When asked how the two feel about how things are finally coming together after all their hard work, Kim said, “I’ve always been interested in Agritourism, so this just ties it all together with more to come.  It’s exciting, it is nerve wracking, it’s a lot of hard work, but it is really great to be able to see your goals and dreams come to fruition, hopefully in a legacy we can leave for our children and grandchildren.  I’m just really excited that not only is this the first Food to Table event in Surry County, but that we also have the first LOVE sign here, all set up so that people from all over can pull over safely and have their picture made – especially since one of our yet-to-be-accomplished dreams would be to convert one of the farm silos into a gift shop where we could share the things we have made.”

“I just think it’s great that we’re being able to create a business where we can work together as a family with the potential to have our extended family work on here also,” added Ray. “I wanted to create something we could pass down to family, so if they wanted, our son Hunter – who is already working with us on it - and our daughter Chelsea could pursue it as well.”

“It’s awesome how well Kim and I work together, teeing off of each other’s ideas,” he continued.  “It allows us to capitalize on both of our strengths.
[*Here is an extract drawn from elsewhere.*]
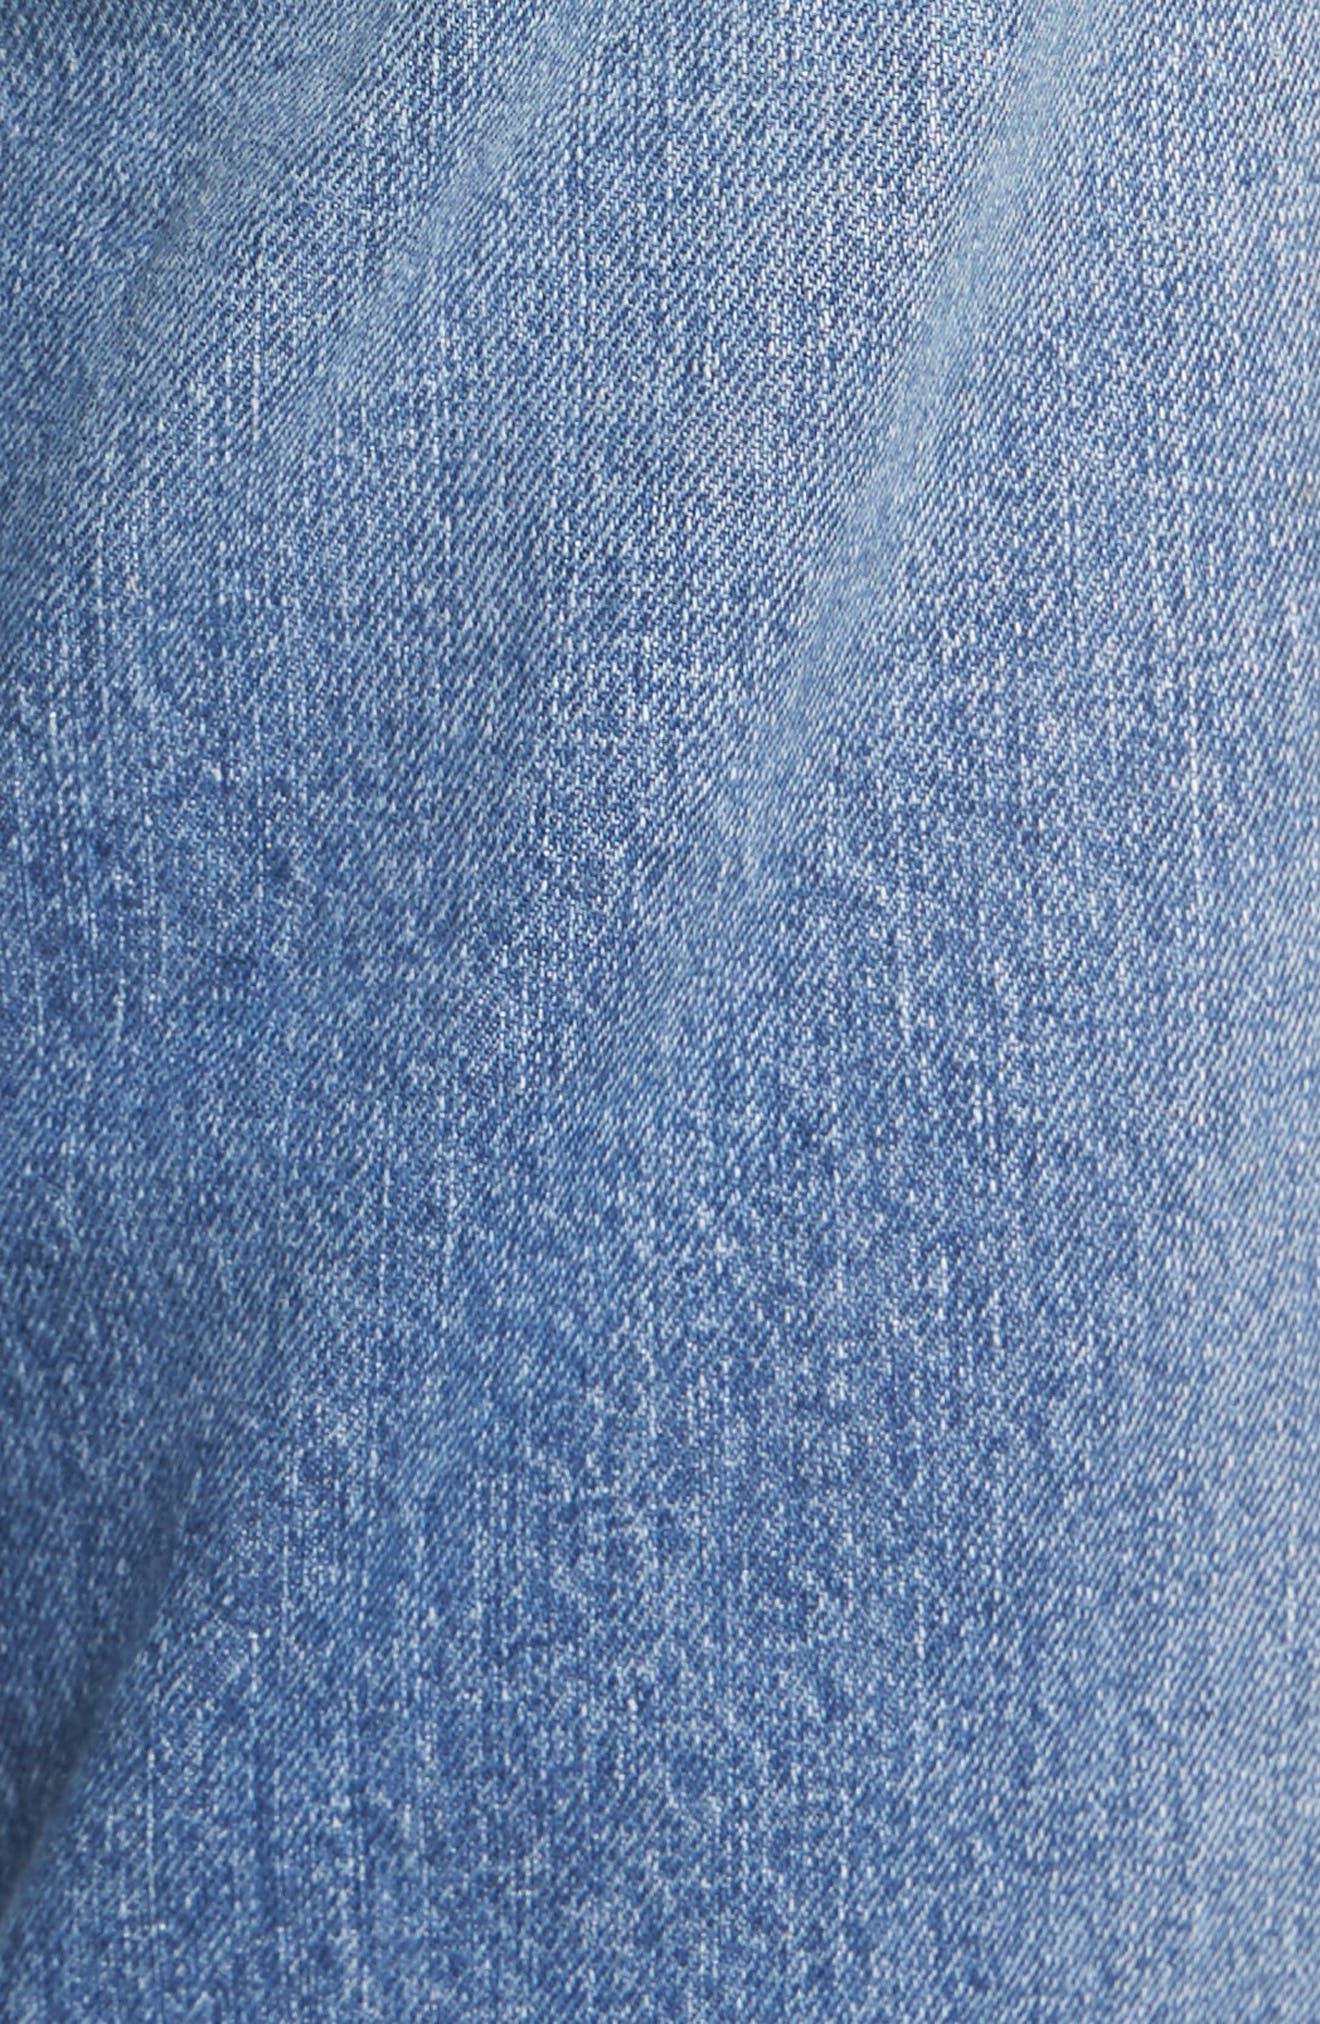 Taylor Ripped Crop Boyfriend Jeans,                             Alternate thumbnail 5, color,                             400

This woman has always been my rock and my biggest supporter and has allowed me to dream this business into existence with her.  She is the love of my life.  She deserves the recognition, because without her this would not be happening.”

“On a lighter note,” he added, “she also keeps me in check.  She is a real stickler for details and has always said her OCD balances my ADD.  Sometimes I think she wants to get me tested!”

And as the two laughed together, it was easy to see that, just like their pickles and jellies and that special apple butter made from Kim’s Grandmom’s recipe, the main ingredient for the burgeoning success of Dragonfly Hill Farm is LOVE.